Leading achievement and progress
Leading achievement and progress

Leading achievement and progress

I would be very surprised if a school leader who is leading achievement and progress, reflected, and suggested that their role was dull. Yes, I spend a good deal of time preparing and exploring data sets, however, its how I see the connections between these data sets up, seek out opportunities for student progress that is most important. The more I learn about the job in hand, the more I want to know about the data behind it, and we have not even discussed the rock face impact on teaching and learning yet.

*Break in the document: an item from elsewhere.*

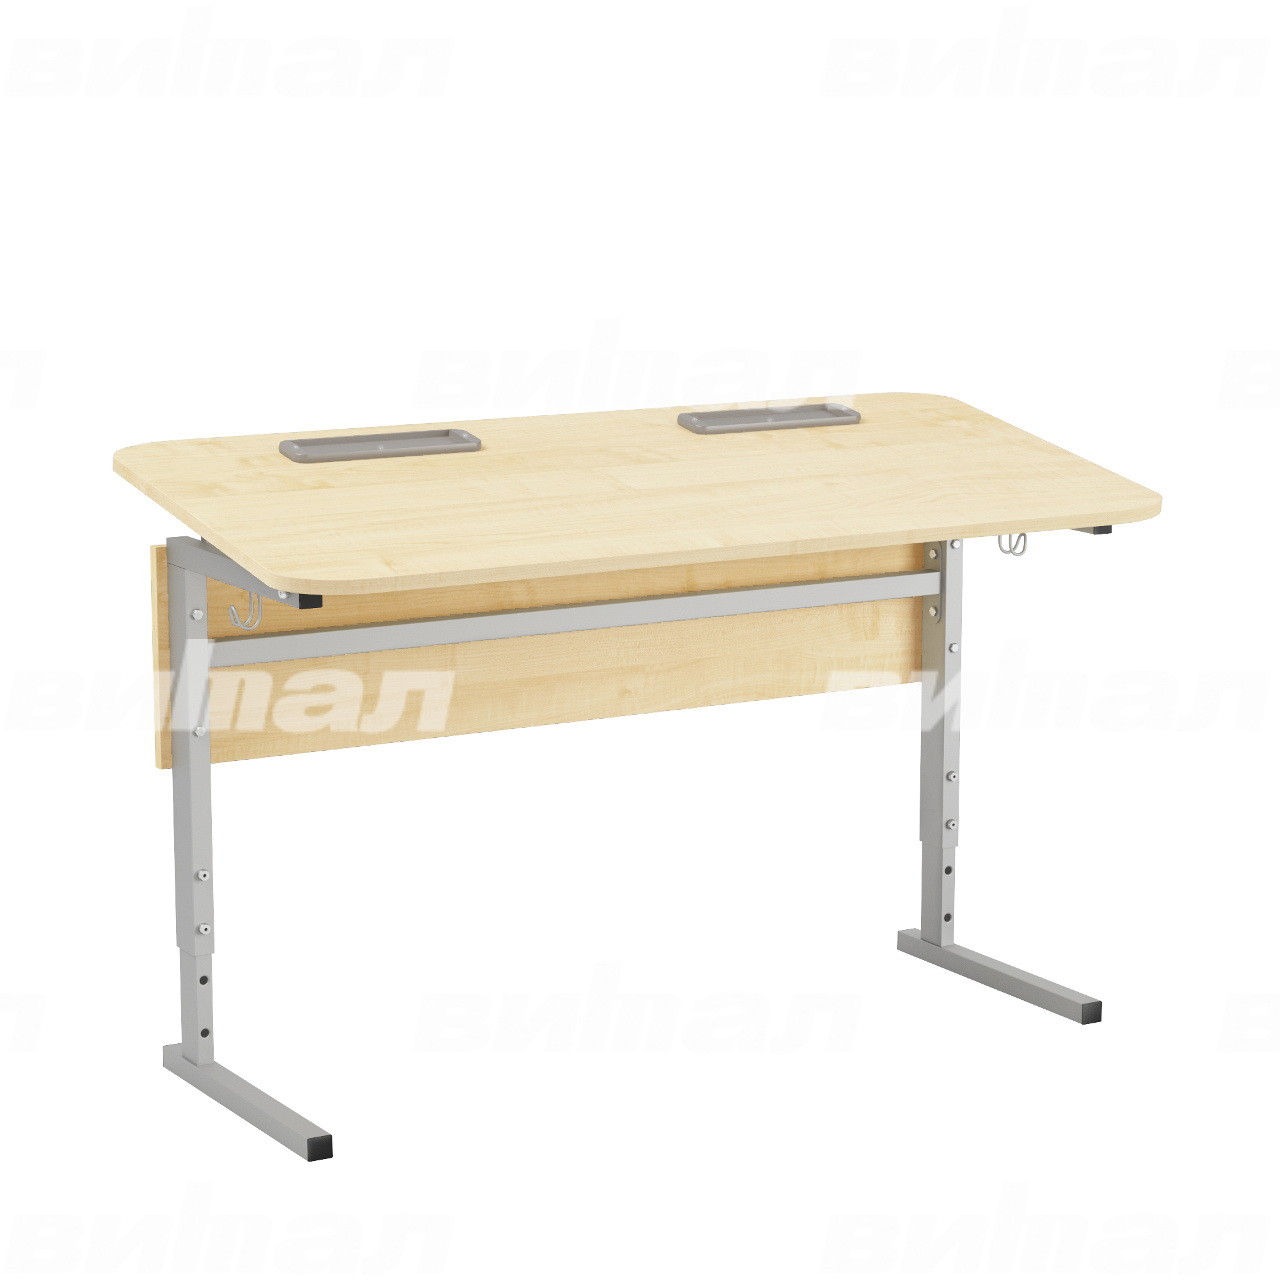 Стол 2-местный регулир. высота и наклон столешницы 0-10° (гр 2-4, 3-5 или 4-6) серый Клен 3-5 Меламин прямоугольная

Every role is a servant of its context. I spent the first few months learning about how data was collected, monitored, interrogated and employed at our school. The last half term, of last the academic year, was spent investigating how successful schools went through these same tasks, whilst at the same time hurriedly learning as much as a could about the data I was soon to be responsible for. The last three months has been about establishing and introducing our protocol for data. About raising expectations for the use of data for learning and proving its integrity. So this is my job at the moment. Purposefully a colourful diagram, the role is inter-woven with numerous of school roles, notably the VP role for ‘Teaching and learning’ but also the VP role for ‘Behaviour and Well-Being’ and part of the AVP role for SEN. What is noticeable, and perhaps disappointing, is that I have only recent started to address ‘student progress’ – following our first data collection.

The process of embedded sustainable change can take a heavy toil on the leaser and on the staff responding to, and adopting to new systems and procedures. I have not been met with any real opposition, but I have seen first hand the additional commitment being expedied. Real change demands middle leader colleagues must first learn new skills and apply new understanding themselves, before passing it onto department colleagues. And without a full understanding and commitment from them, I fear change will be superficial at best or collapse at vulnerable points at worst. I have at times felt that have lead change at a cumbersome and uneven pace, instead of being measured, constant and sustained but in reflection I think that partly follows the context of this role and the data cycles we work to. I hope that the next four weeks will be about pinpointing progress, or lack of progress. About how and where it can be tackled and tackled well before the ill-advised dearth of short term, high density interventions becomes the fated final push for both staff and students.

Given the diagram about, the three orange calendars must be in place well in advance of the new academic year. To enable curriculum planning a purposeful assessment, collection, monitoring and action. In my mind, the addressing progress will attach to the ‘reporting to parents and carers’ and ‘parent and carer meetings’ blocks and form part of the academic intervention. This relies on effective and accurate assessment (the synchronisation of Assessment Calendar and Data Collection Calendar) followed by  insightful and efficient monitoring. In turn, that reporting is longitudinal, running the duration of Key Stages (from KS2-Ks3 and KS3-KS4) with clear identification of the member of staff responsible for year on year progress.

Next steps, process Y7, Y8 and Y10 data collections. Interrogate and report the data. Extend the ATL reward and intervention to all years.